Enable caching for 'generate' and 'stream_generate' functions to ensure persistence of cache across multiple requests
- Add two new data classes called CacheHistory and StepOutput for storing cache history along with the token history
- Add the option to return cache in "generate" and "stream_generate" for further cache reuse.
- Add two functions to save and load cache from disk.
- "prompt" argument in the "generate" and "stream_generate" is no longer a suffix for the cache history. It will be the full prompt. In "generate_step", there is a check to find out the index of the maximum shared prefix between the list of token ids from the new prompt and the token ids from the history prompt.
Usage
from mlx_lm import load, stream_generate
from mlx_lm.utils import save_cache, load_cache
model, tokenizer = load('/Path/to/model')
prompt = 'Your long prompt here...'
# First generation without prompt cache history
for i, cache in stream_generate(model=model,
tokenizer=tokenizer, prompt=prompt, max_tokens=100, return_cache=True, verbose=True):
print(i, end='')
# Processing prompt (1431/1431): 100%|██████████| 3/3 [00:02<00:00, 1.50it/s]
# Prompt preprocessing time for 1431 tokens: 2.007s (713.1801 tok/sec)
# Second generation with prompt cache history
for i, cache in stream_generate(model=model,
tokenizer=tokenizer, prompt=prompt, max_tokens=100, return_cache=True, verbose=True, cache_history=cache):
new += i
print(i, end='')
# Processing prompt (1/1): 100%|██████████| 1/1 [00:00<00:00, 595.61it/s]
# Prompt preprocessing time for 1 tokens: 0.001921s (520.6299 tok/sec)
# Save the cache history to use later
save_cache(cache, filename='test.safetensors', metadata=dict(model_id='My random model'))
# Load an existing cache from disk
cache, metadata = load_cache(filename='test.safetensors')
Just updating the title of the PR for clarity. Now KV cache of any generation can be reused for other requests with these changes.
The code in server.py is modified accordingly to adapt to the changes made with generate_step.
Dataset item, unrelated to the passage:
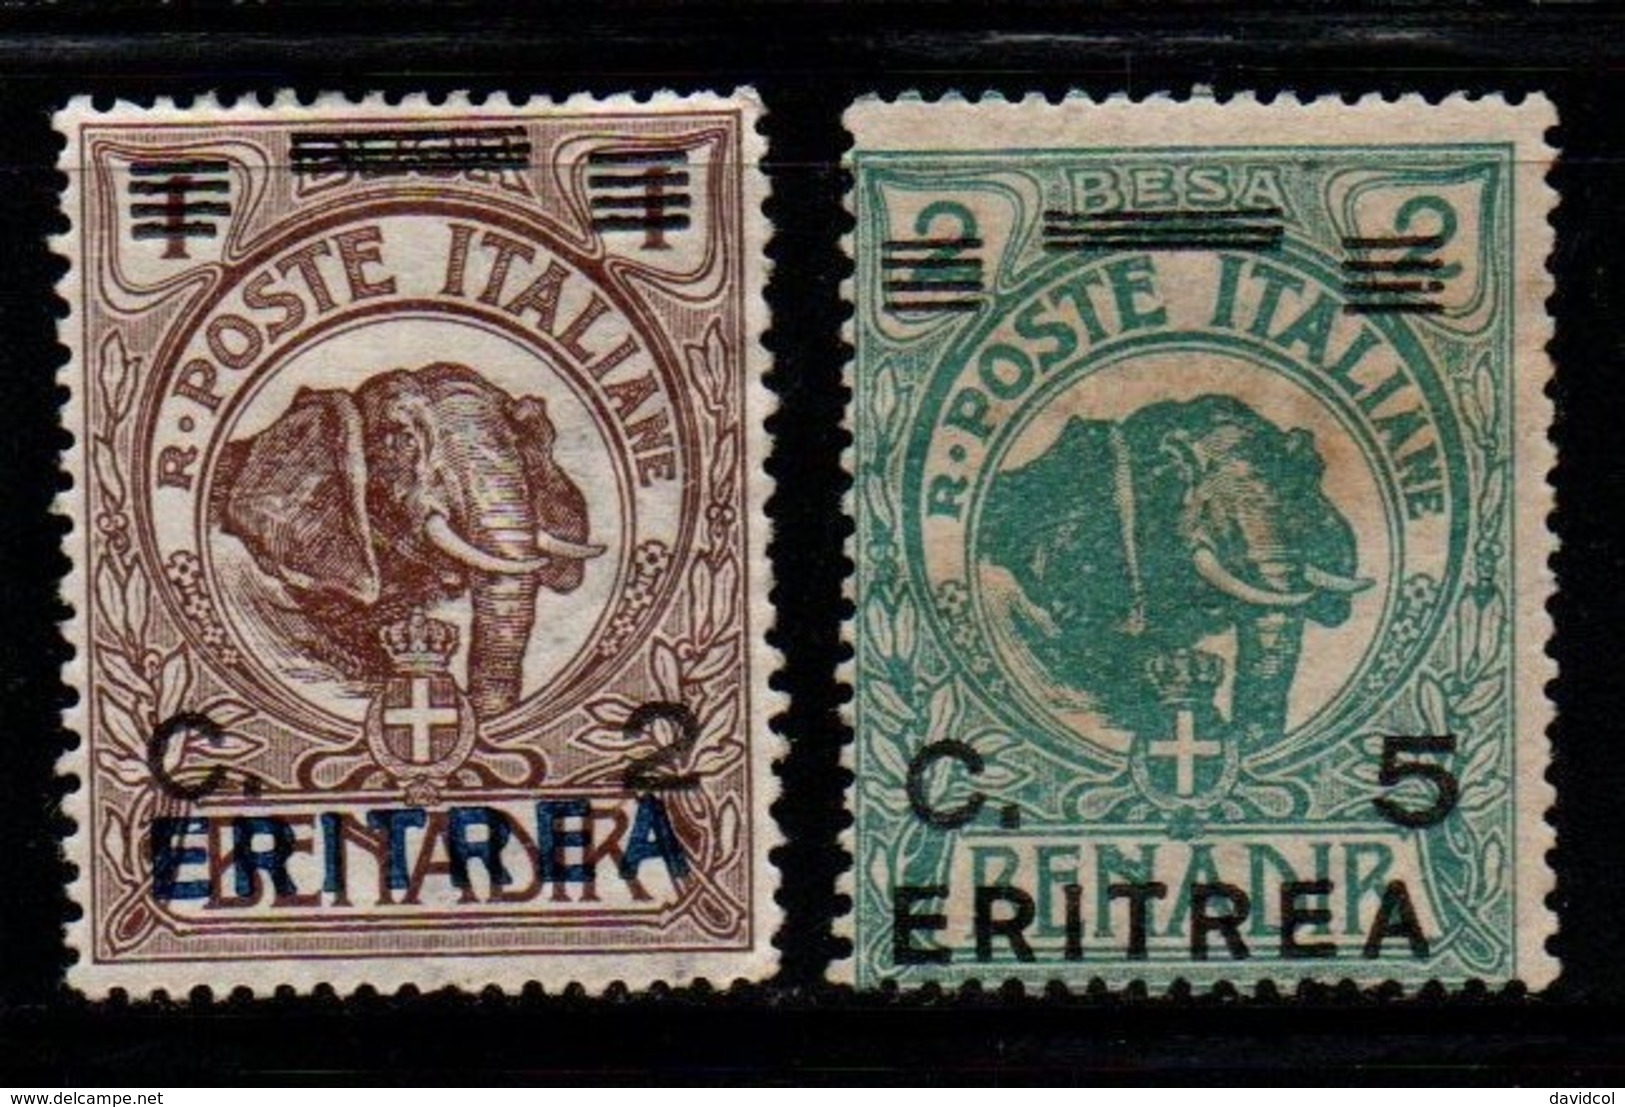 S211.-. ERITREA - 1922 - SC#: 58,59 - MINT - OVERPRINTED / SURCHARGED - Eritrea

Prompt caching is available on server.py by default.
Thanks for the PR! However, most of this functionality should already be included in https://github.com/ml-explore/mlx-examples/pull/1015 and https://github.com/ml-explore/mlx-examples/pull/1026, so I will close this.
If there is anything here that those don't address please feel free to submit a follow up PR rebased on the latest. Thanks!